Democratic presidential candidate Elizabeth Warren called for the head of the Justice Department’s antitrust division to recuse himself from working on any investigations of Alphabet Inc.’s Google or Apple Inc. because of his past lobbying for both companies.

Warren wrote to Assistant Attorney General Makan Delrahim, who oversees the antitrust division, in a letter dated Tuesday that his past work advocating on behalf of the tech giants would create the appearance of a conflict of interest as the agency oversees antitrust scrutiny of both companies. The Massachusetts senator sent a similar letter calling for Delrahim’s recusal to a Justice Department ethics official.

“As the head of the antitrust division at the DOJ, you should not be supervising investigations into former clients who paid you tens of thousands of dollars to lobby the federal government,” Warren’s letter said. “American consumers and markets deserve the confidence that the DOJ will conduct any antitrust investigation into Google or Apple with integrity, impartiality, and with the best interest of competitive markets and consumers in mind.”

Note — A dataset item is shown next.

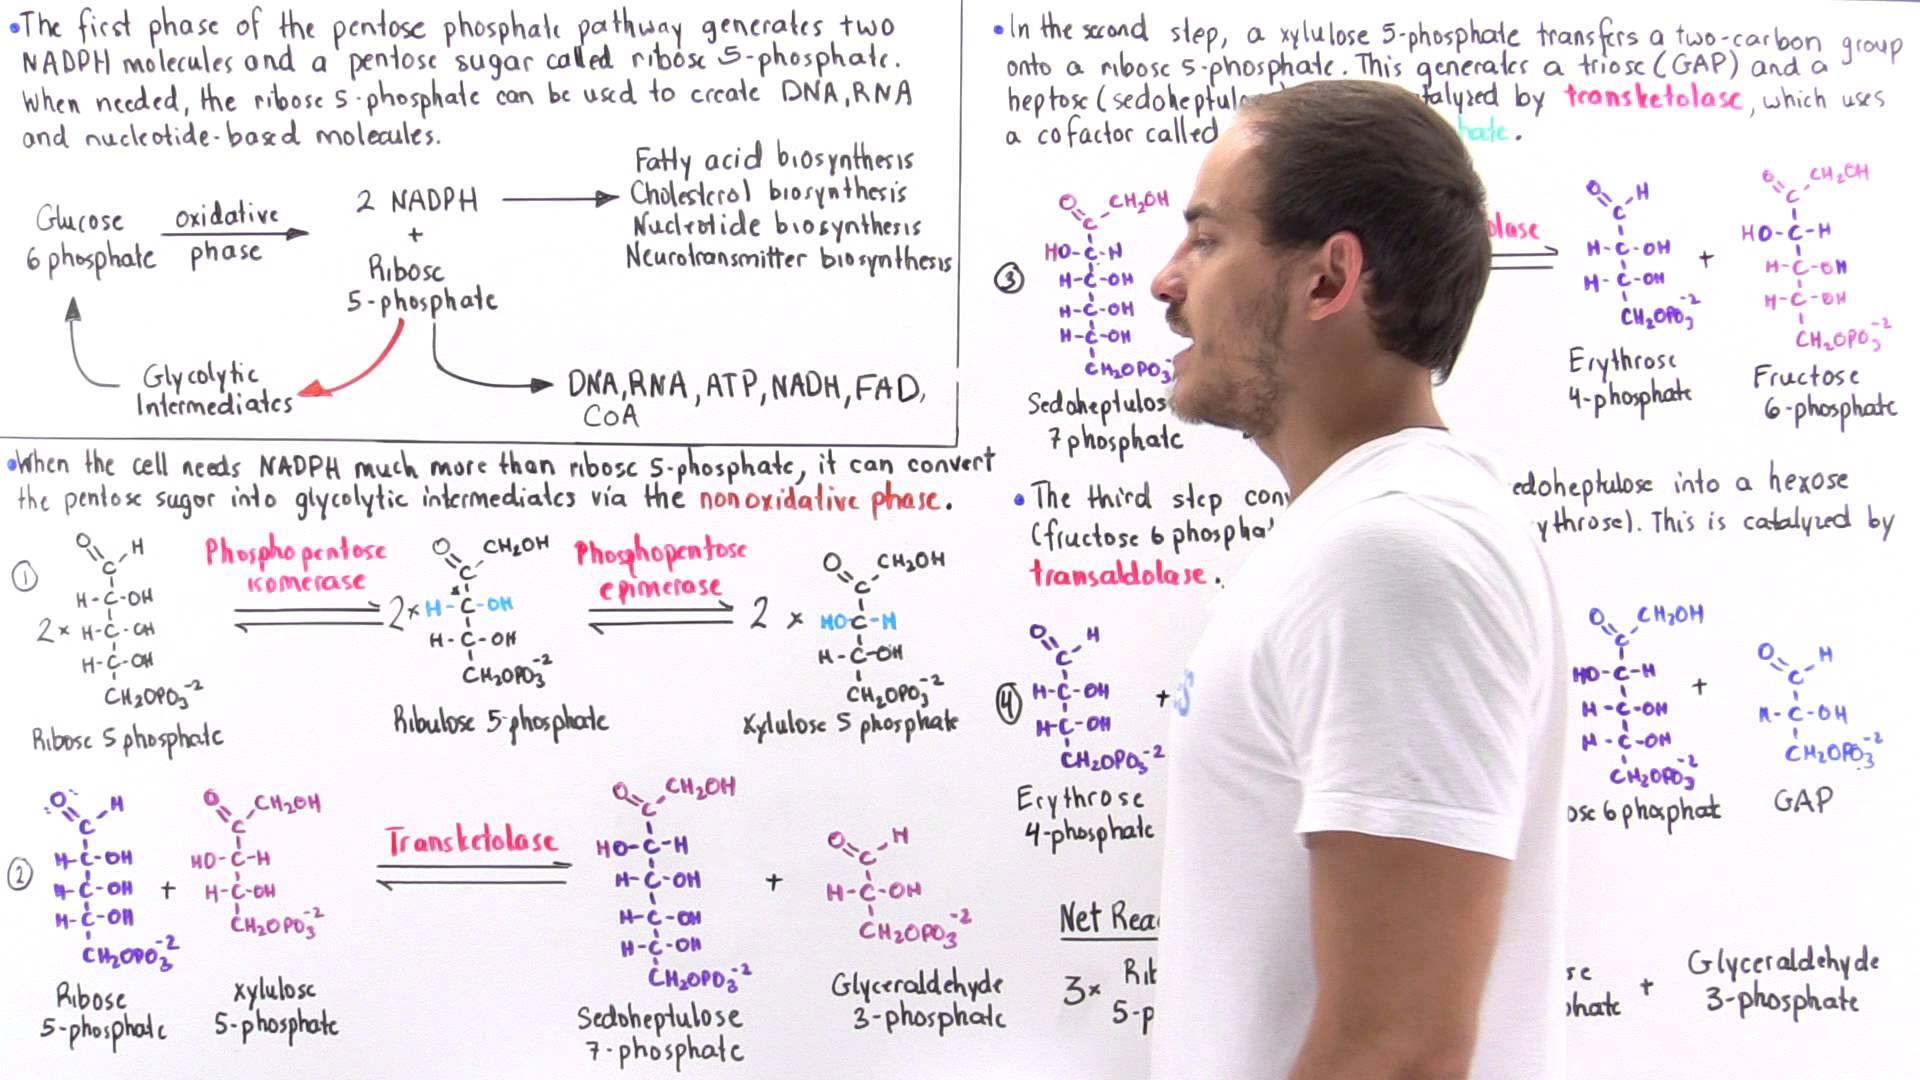 Nonoxidative Phase of Pentose Phosphate Pathway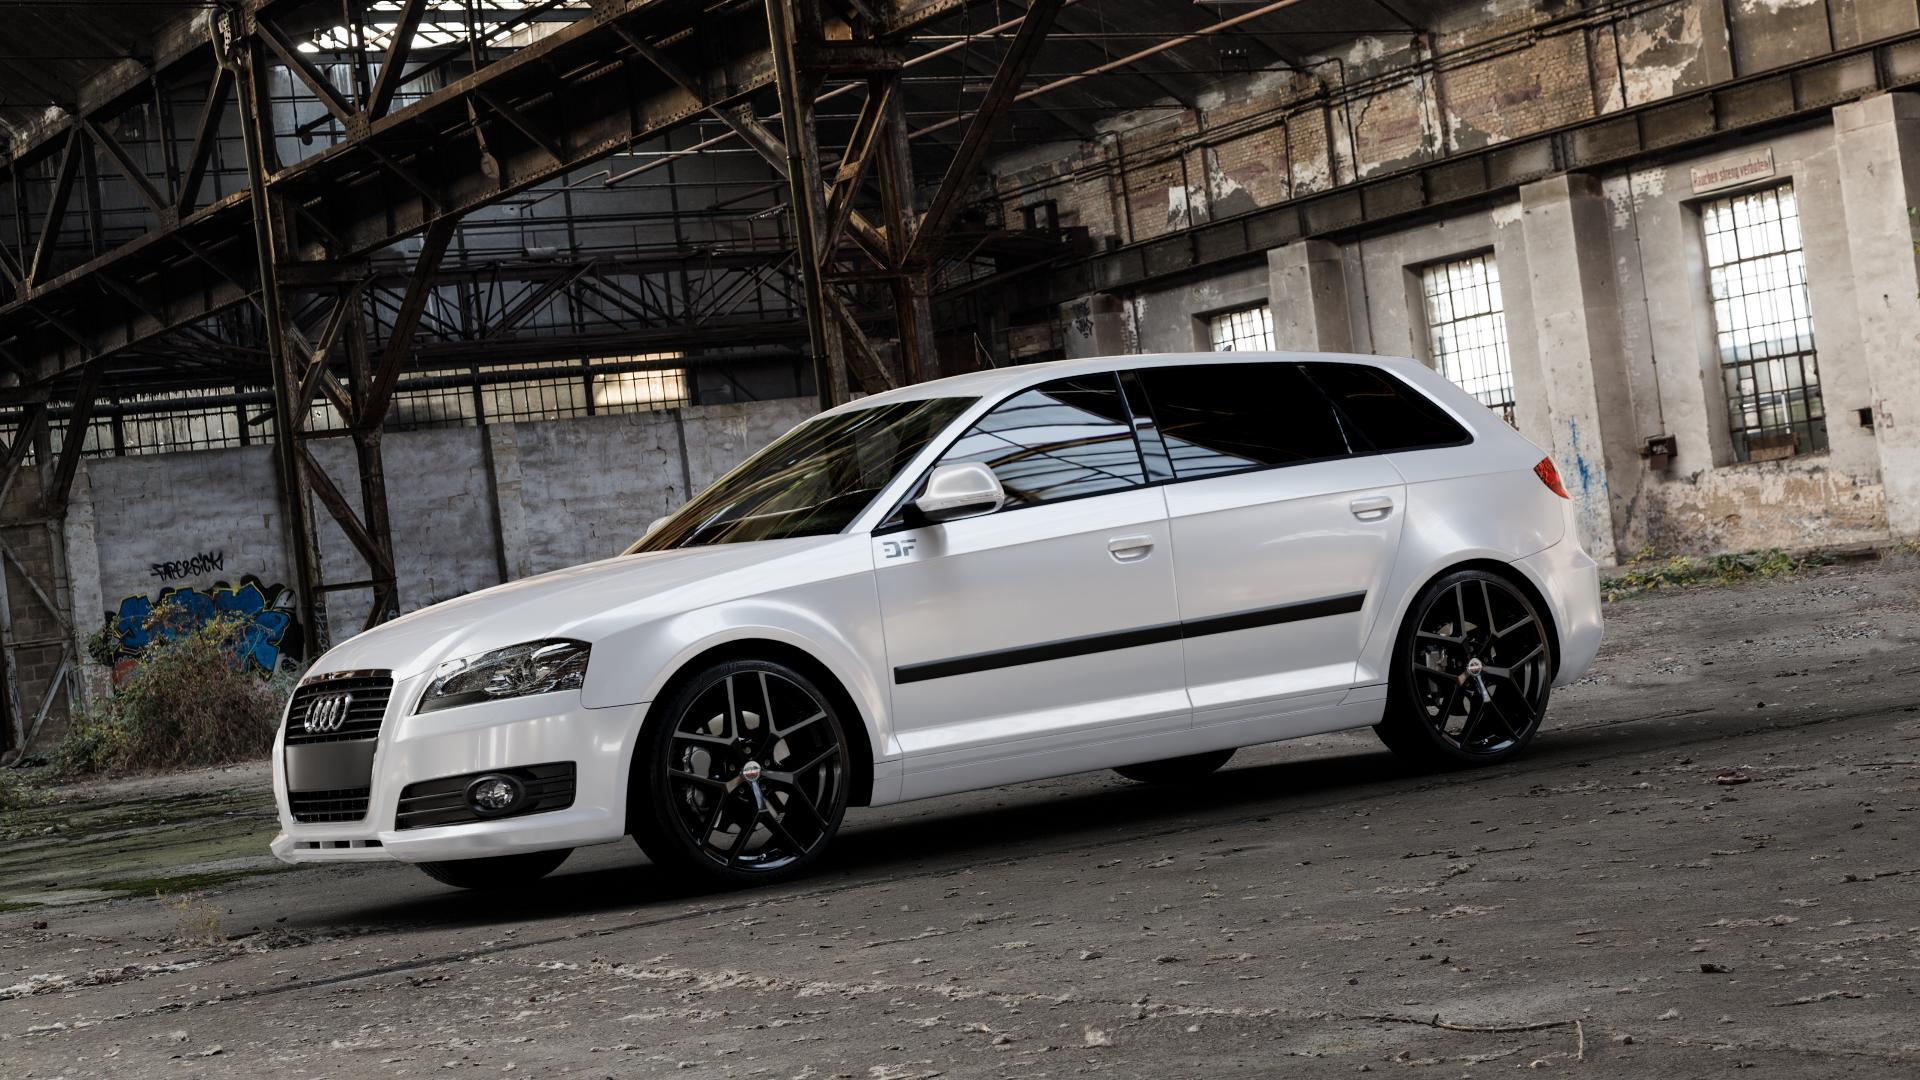 Borbet Y black glossy Felge mit Reifen schwarz in 19Zoll Winterfelge Alufelge auf weissem Audi A3 Typ 8P (Sportback) 1,6l 75kW (102 PS) 2,0l FSI 110kW (150 1,9l TDI 77kW (105 103kW (140 TFSI 147kW (200 85kW (116 100kW (136 1,8l 118kW (160 125kW (170 1,4l 92kW (125 120kW (163 quattro 3,2l V6 184kW (250 S3 195kW (265 1,2l 66kW (90 18

Warren’s letter comes days after the Justice Department and Federal Trade Commission divvied up antitrust oversight of Google, Facebook.com Inc., Amazon.com Inc., and Apple.

Under that agreement, the Justice Department will pursue an antitrust investigation of Google and oversee any scrutiny of Apple while the Federal Trade Commission will be responsible for antitrust oversight of Amazon and Facebook. The House Judiciary Committee has also opened a separate investigation into competition issues in the technology industry.

Past lobbying

Google hired Delrahim in 2007, while he worked at the Brownstein Hyatt Farber Schreck LLP law firm, to lobby federal officials around its acquisition of digital advertising company DoubleClick. Google paid the firm at least $100,000 for the work, which officially ended the next year, according to federal lobbying disclosures. The $3.1 billion purchase of DoubleClick, which was approved by the Federal Trade Commission in 2007, could once again be under the microscope in Washington as the Justice Department looks at Google’s dominance in the digital advertising market.

In 2006, Delrahim, a former deputy assistant attorney general in the antitrust division, also started lobbying on behalf of Apple, though the computer maker reported paying his firm less than $20,000 before ending the agreement the next year, federal records show.

Warren has previously criticised the ethics of Delrahim’s position in the department and in 2017 delayed a vote approving his nomination. She described his candidacy for the job as an indication that Trump’s administration would ‘put the interests of giant corporations ahead of the American people,’ according to a 2017 Facebook post by Warren.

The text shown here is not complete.